感覚的に夢じゃないとは思うけど、五感だって神経が脳に送ってるだけのただのシグナルだ。
頭打った時に、そこらへんの何かが狂ったのかもしれない。
うん、まぁ夢なんだな。
「別の世界には興味がないので、元居た世界に戻して下さい」
きっと俺は歩道橋から落ちて、今も病院のベッドかなんかで寝てるんだろう。
みんな心配してるはずだ。早く目覚めたい。
「それは出来ません」
女神サマが即答する。
そもそも俺は無神論者だけど、一応仏教徒に分類されてるはず。
葬式は多分和式だろう。だから、こんなギリシャ神話みたいな女神が出てくるのは変だ。
おかしいだろ。
やっぱり夢だ。ていうことは、この意味不明な問答は、俺の脳内で繰り広げられてる茶番劇。
俺は生まれ変わりたい願望でも持ってたのか?
思い当たる節はあるな。
だって住所不特定無職になったばっかだし。
「世界には法則があります。それに反することは出来ません」
「俺を別の世界で生き返らせるのは、法則違反にならないんですか?」
「なりません」
なんというご都合主義。まぁ夢だからな。
「そっちのミスで死んだってことは、歩道橋の上で俺を突き飛ばしたのはあなたってことですか?」
「違います。ただあなたは、あの時あの場で死ぬ運命ではなかった、ということです」
運命ね。大嫌いな言葉だ。
うちの会社が潰れて路頭に迷ったのは運命のせいってか?
今まで頑張ってきたことは全部無意味で、運命ってやつのせいで俺の人生めちゃくちゃになったってか?
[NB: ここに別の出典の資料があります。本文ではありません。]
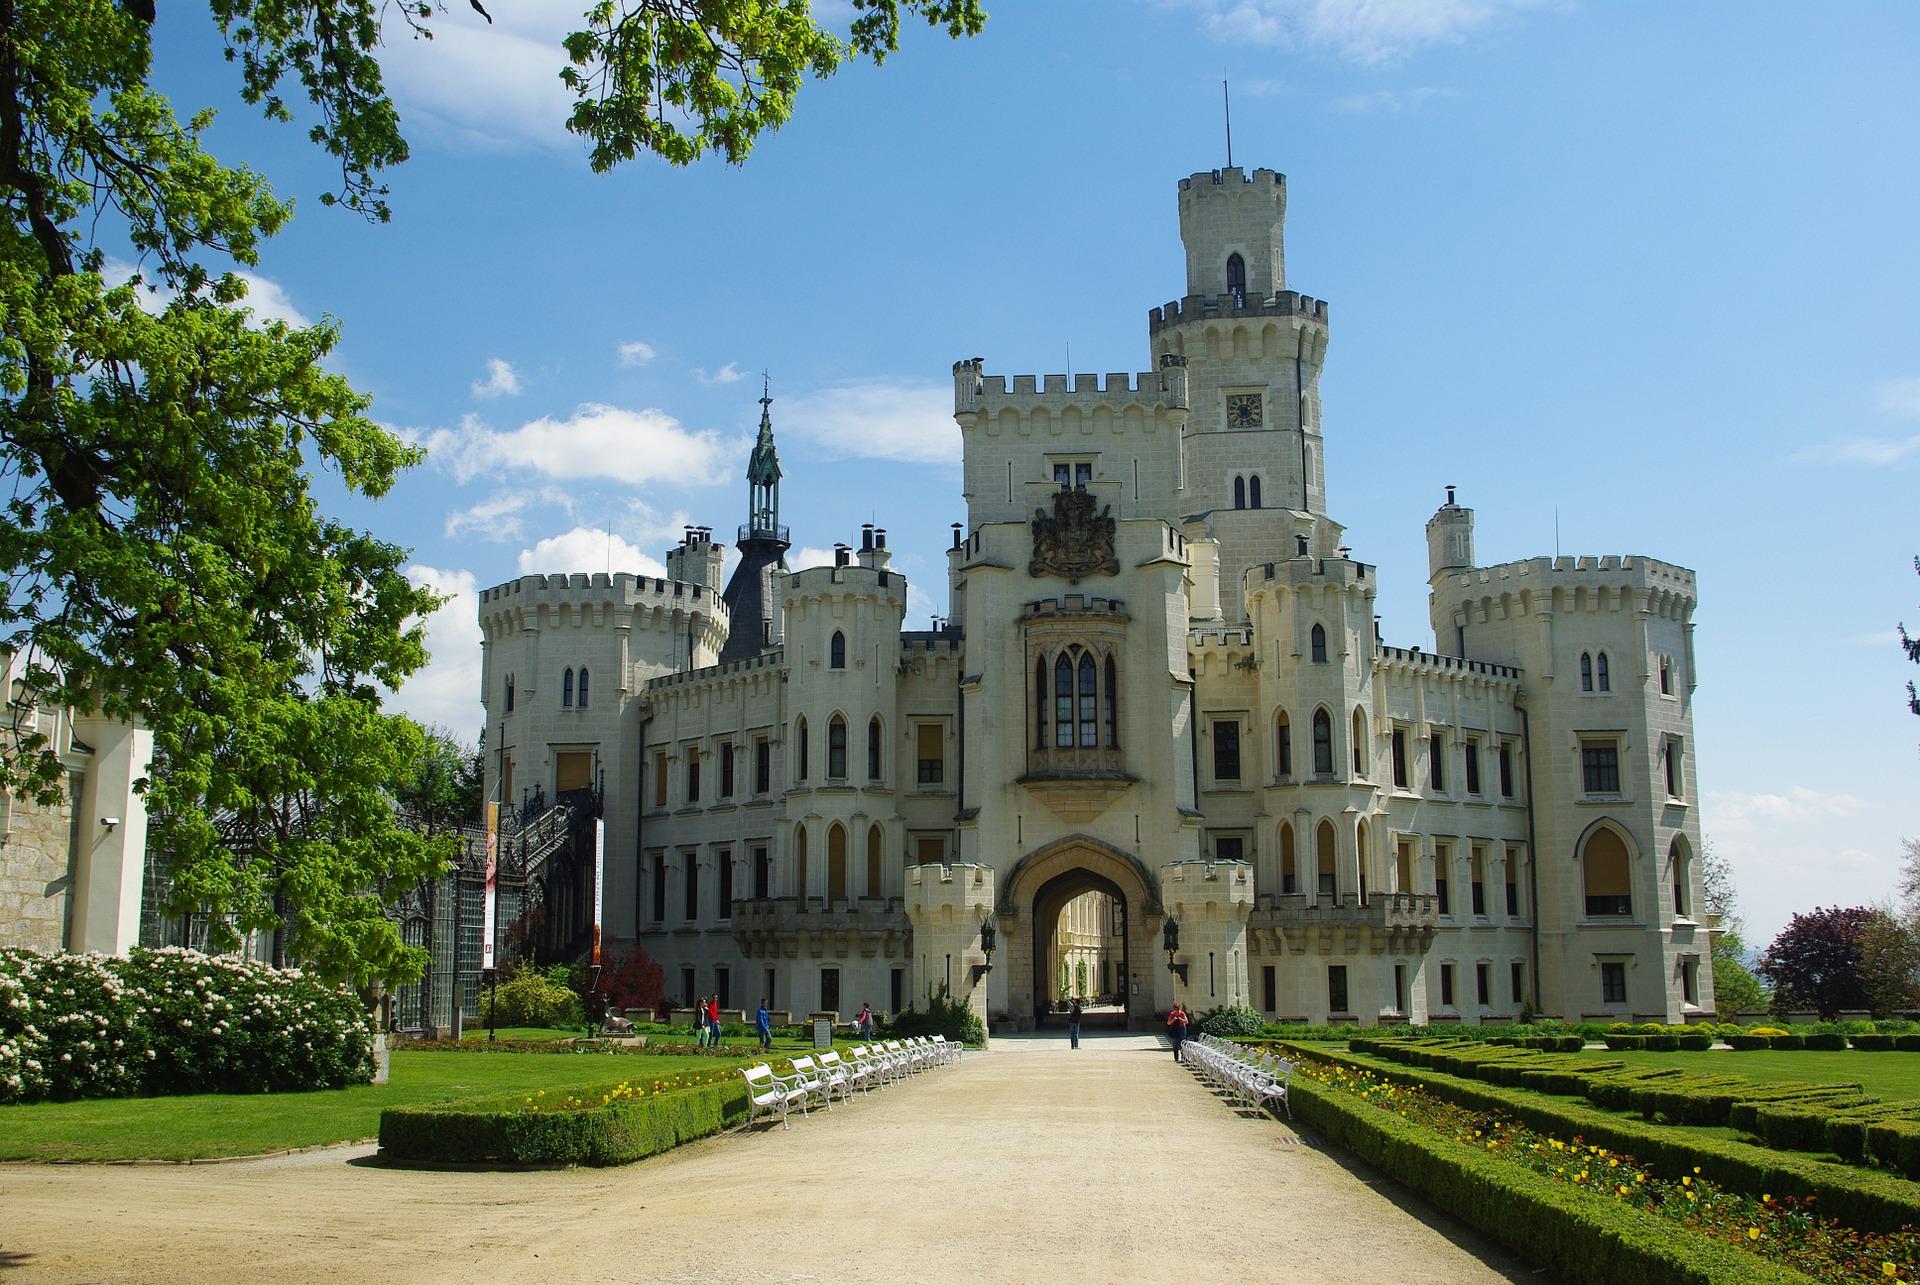 Hluboka nad Vltavou Castle near Cesky Krumlov

「まぁ分かりました。どうでもいいです。戻れないなら"無"でいいです」
俺が切り上げないと、この下らない問答が続きそうだ。
「それは出来ません」
「いや、別の世界だかなんだか知りませんけど、どんな場所かも分からない、言葉も通じない、文化も違う世界に放り込まれても困りますって」
「あなたの元いた世界に近い環境と文明で、言葉も分かるようになります」
ご都合よすぎてバカっぽい話になってきた。
こんな夢を見る自分の知能を疑ってしまいそうだ。
俺はもう目覚めたいんだよ。
目覚めた後にまた、ひどい日常に戻るとしても、培ってきたものがあるんだ。
ちょっと休憩したら、また立ち上がるつもりだったんだよ。
多分この夢は、俺の弱さが見せてるものだ。
新しい世界でやり直すだ?
人生はリセットできないって知ってるから、俺は必死にやってきたんだよ。
「どうか恐れないで。あなたのその意思の強さと運命に抗う力は、そのまま無に帰すにはあまりに惜しい才です。新たな世界で再び生を歩むのです」
穏やかに微笑む女神が、静かに手を広げる。
まさに慈愛の笑みだ。
「これから行く世界で、あなたは幼い体に生まれ変わります。ですが大丈夫です。あなたの周囲には、あなたを愛し守る存在が、必ずいます」
ぐらりと体のバランスが崩れる。
「うおっ。幼い体って!?ていうか落ちっ…」
立ってるわけじゃないから、体勢を持ち直すことが出来ない。
「ここは神域。人間であるあなたは、長く留まれません」
「留まれないってっ…ちょっ…!」
「肉体の育成に伴って、魔法を自由に使えるようになるはずです」
「いや、だから今ー!俺ー落ちてんですけどぉ!」
上下左右も分からない空間だったけど、自分が落ち始めて"下"が分かった。
どんどん落ちるスピードが上がってるみたいだ。
女神サマがかなり上に見える。
「おーちーるうぅぅぅ」
「新しい世界で、自由に過ごして下さい。どうぞ二度目の人生を幸せに…」
女神サマの言葉の最後らへんは、やっと聞き取れるくらい遠のいてた。
そして俺はそのまま落ち続けた。